1: Investigating Body Temperature Norms
Problem Description:
In the mid-1800s, Dr. Carl Wunderlich established 98.6°F as the "normal" body temperature. A contemporary researcher seeks to challenge this norm by studying the mean body temperature in 200 healthy adults. The researcher collected temperature data and aimed to use statistical analysis to verify or refute Dr. Wunderlich's findings.

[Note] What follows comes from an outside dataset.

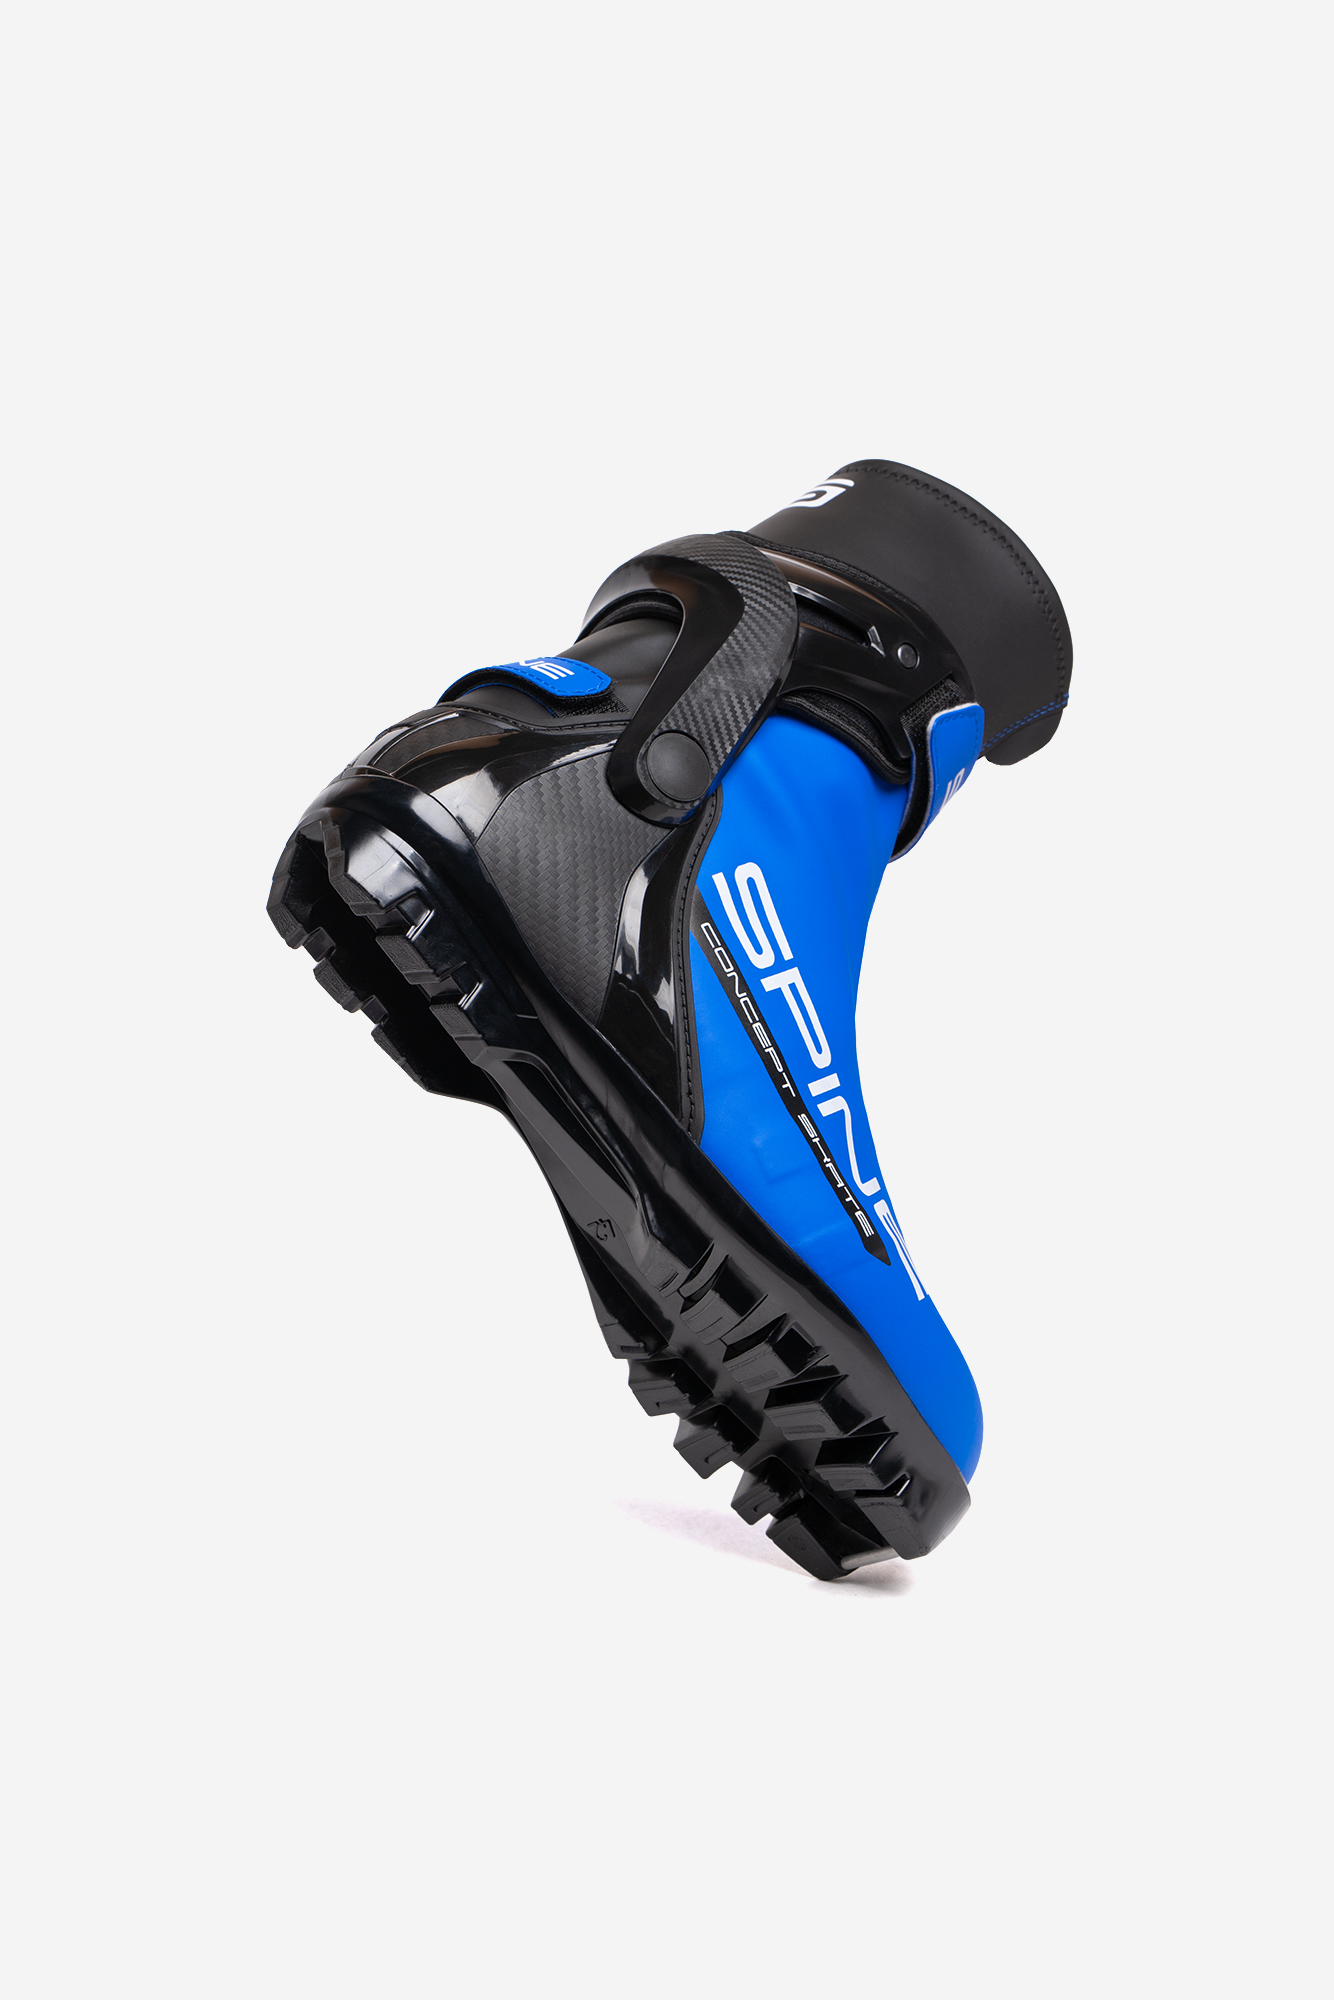 Лыжные ботинки SNS Spine Concept Skate (496/1-22) (синий) 1334_2000
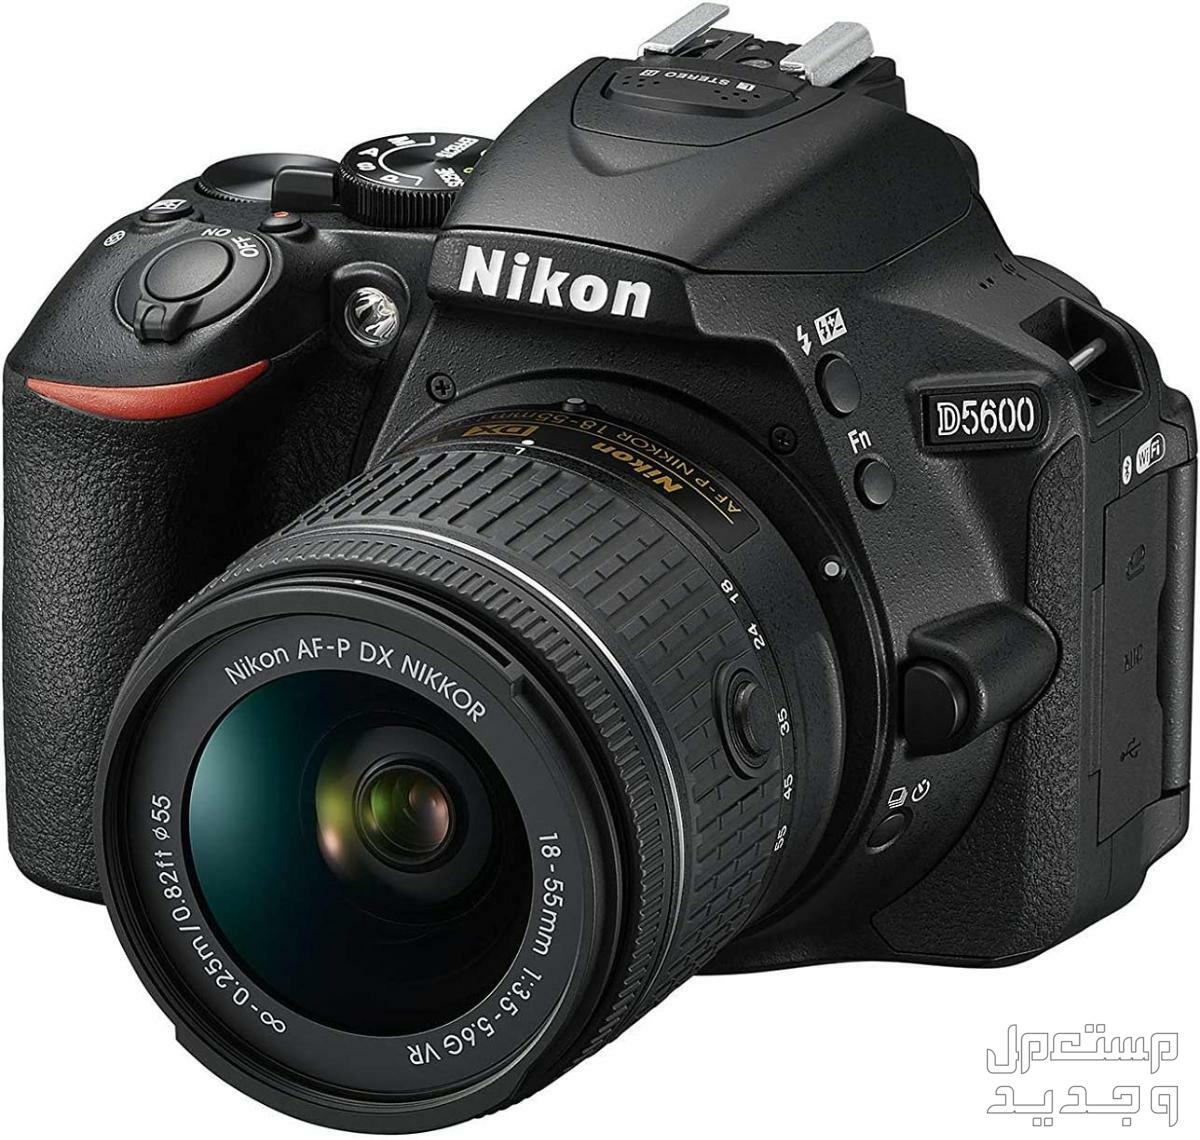 10 كاميرات تصوير ماركات عالمية بأسعار رخيصة في سوريا كاميرا Nikon D5600

97.10,97.19,97.25,97.46,97.52,97.63,97.63,97.63,97.70,97.71,97.71,
97.72,97.74,97.75,97.75,97.76,97.78,97.81,97.81,97.82,97.83,97.89,
97.90,97.90,97.91,97.92,97.92,97.93,97.96,97.96,97.98,98.00,98.01,
98.01,98.02,98.02,98.03,98.03,98.03,98.05,98.05,98.06,98.08,98.08,
98.09,98.10,98.11,98.11,98.11,98.11,98.11,98.11,98.12,98.12,98.12,
98.12,98.13,98.14,98.14,98.14,98.17,98.17,98.18,98.18,98.19,98.19,
98.20,98.20,98.21,98.21,98.21,98.21,98.22,98.25,98.26,98.26,98.28,
98.28,98.30,98.31,98.32,98.32,98.32,98.33,98.33,98.34,98.34,98.35,
98.35,98.36,98.36,98.36,98.36,98.37,98.38,98.39,98.42,98.42,98.43,
98.45,98.46,98.46,98.46,98.48,98.48,98.51,98.51,98.51,98.52,98.53,
98.53,98.54,98.54,98.55,98.55,98.55,98.56,98.56,98.57,98.57,98.57,
98.58,98.58,98.60,98.60,98.61,98.66,98.67,98.67,98.67,98.68,98.68,
98.69,98.70,98.72,98.72,98.72,98.73,98.74,98.77,98.78,98.79,98.79,
98.79,98.80,98.80,98.82,98.82,98.83,98.83,98.84,98.85,98.85,98.86,
98.87,98.87,98.89,98.89,98.90,98.92,98.92,98.93,98.97,98.98,98.98,
98.98,99.00,99.01,99.02,99.03,99.04,99.05,99.07,99.08,99.08,99.09,
99.09,99.11,99.13,99.13,99.14,99.15,99.15,99.16,99.20,99.24,99.27,
99.27,99.27,99.27,99.30,99.31,99.32,99.34,99.40,99.42,99.52,99.67,
99.67,99.87
(a) At the 1% significance level, is there enough evidence to conclude that the mean body temperature is less than 98.6◦?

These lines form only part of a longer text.